A Practical Guide to Weak Instruments

Michael P. Keane; Timothy Neal

doi:10.1146/annurev-economics-092123-111021

Annual Review of Economics

Review Article

A Practical Guide to Weak Instruments

Michael P. Keane^1,2,4, and Timothy Neal^2,3,4
View Affiliations Hide Affiliations

Affiliations: ¹Carey School of Business and Department of Economics, Johns Hopkins University, Baltimore, Maryland, USA; email: [email protected] ²School of Economics, University of New South Wales, Sydney, New South Wales, Australia; email: [email protected] ³Institute for Climate Risk and Response, University of New South Wales, Sydney, New South Wales, Australia ⁴Australian Research Council (ARC) Centre of Excellence in Population Ageing Research (CEPAR), Sydney, New South Wales, Australia
Vol. 16 https://doi.org/10.1146/annurev-economics-092123-111021
© Copyright © 2024 by the author(s). All rights reserved

Abstract

We survey the weak instrumental variables (IV) literature with the aim of giving simple advice to applied researchers. This literature focuses heavily on the problem of size inflation in two-stage least squares (2SLS) two-tailed t-tests that arises if instruments are weak. A common standard for acceptable instrument strength is a first-stage F of 10, which renders this size inflation modest.
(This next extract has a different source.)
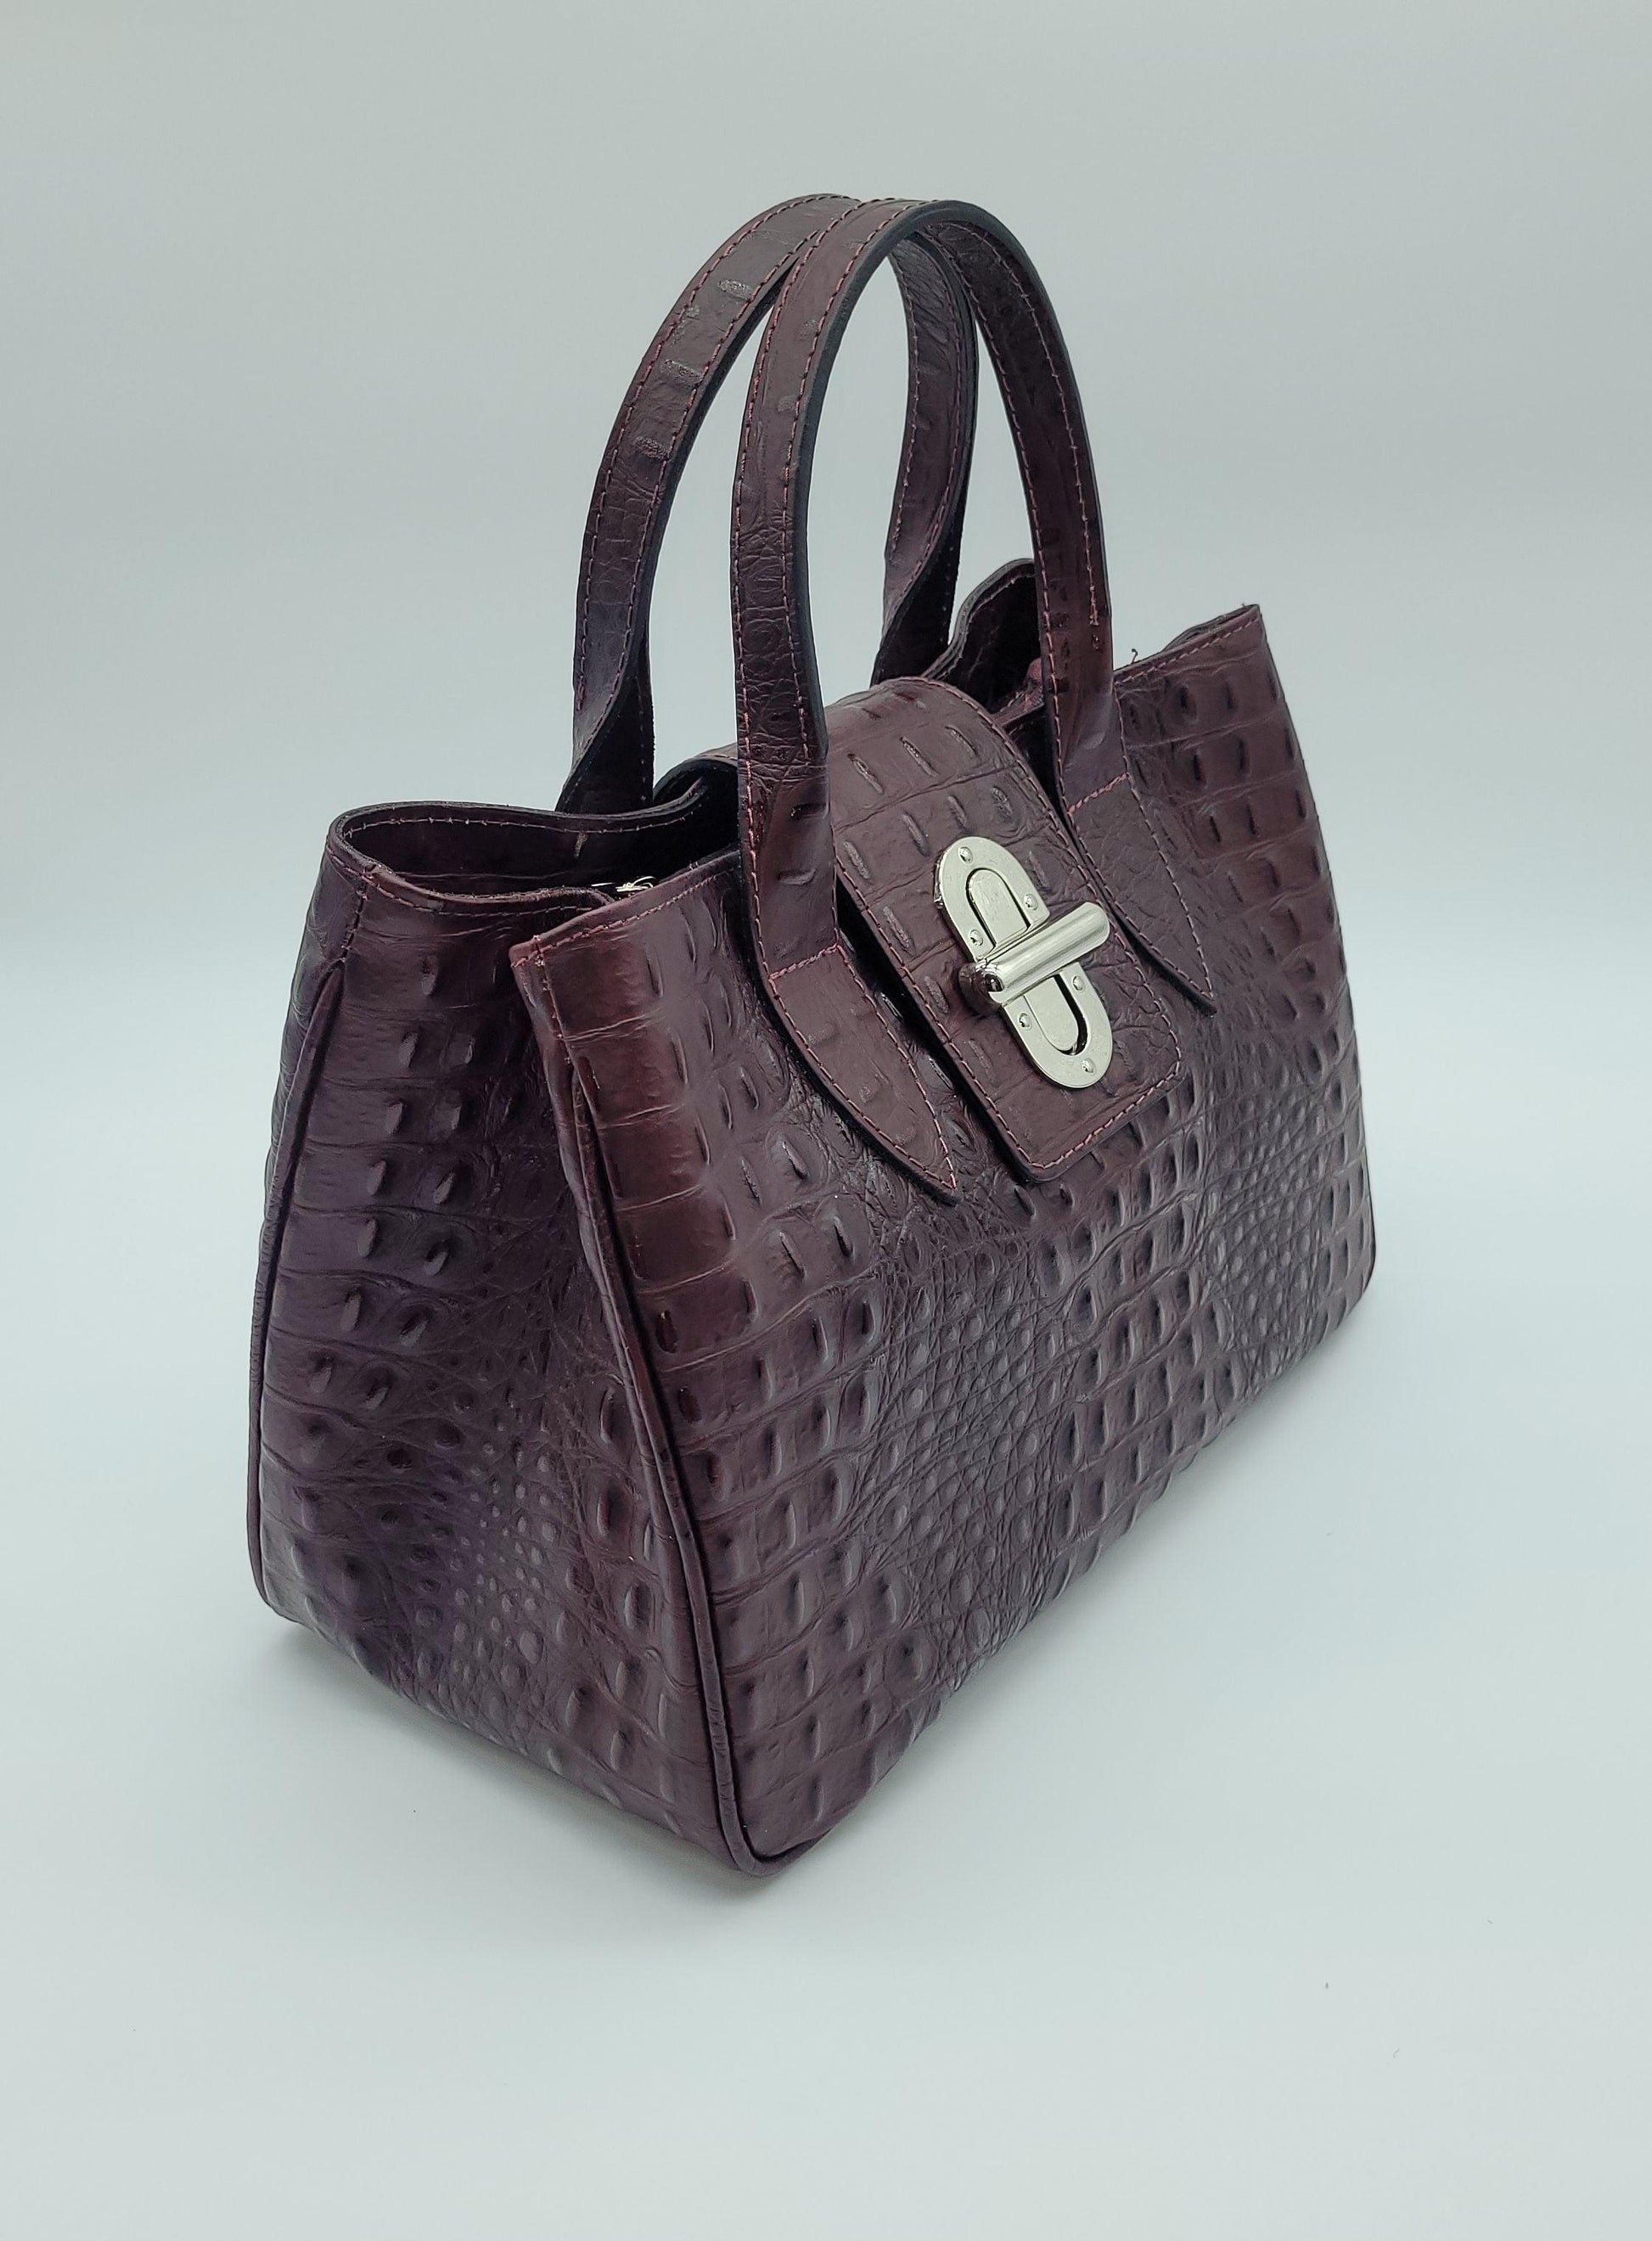  Burgundy Croc-Embossed Italian Leather Tote Handbag : Handmade  Products

However, 2SLS suffers from other important problems that exist at much higher levels of instrument strength. In particular, 2SLS standard errors tend to be artificially small in samples where the 2SLS estimate is close to ordinary least squares (OLS). This power asymmetry means the t-test has inflated power to detect false positive effects when the OLS bias is positive. The Anderson-Rubin (AR) test avoids this problem and should be used in lieu of the t-test even with strong instruments. We illustrate the practical importance of this issue in IV papers published in the American Economic Review from 2011 to 2023. Use of the AR test often reverses t-test results. In particular, IV estimates that are close to OLS and significant according to the t-test are often insignificant according to AR. We also show that for first-stage F in the 10–20 range there is a high probability that OLS estimates will be closer to the truth than 2SLS. Hence we advocate a higher standard of instrument strength in applied work.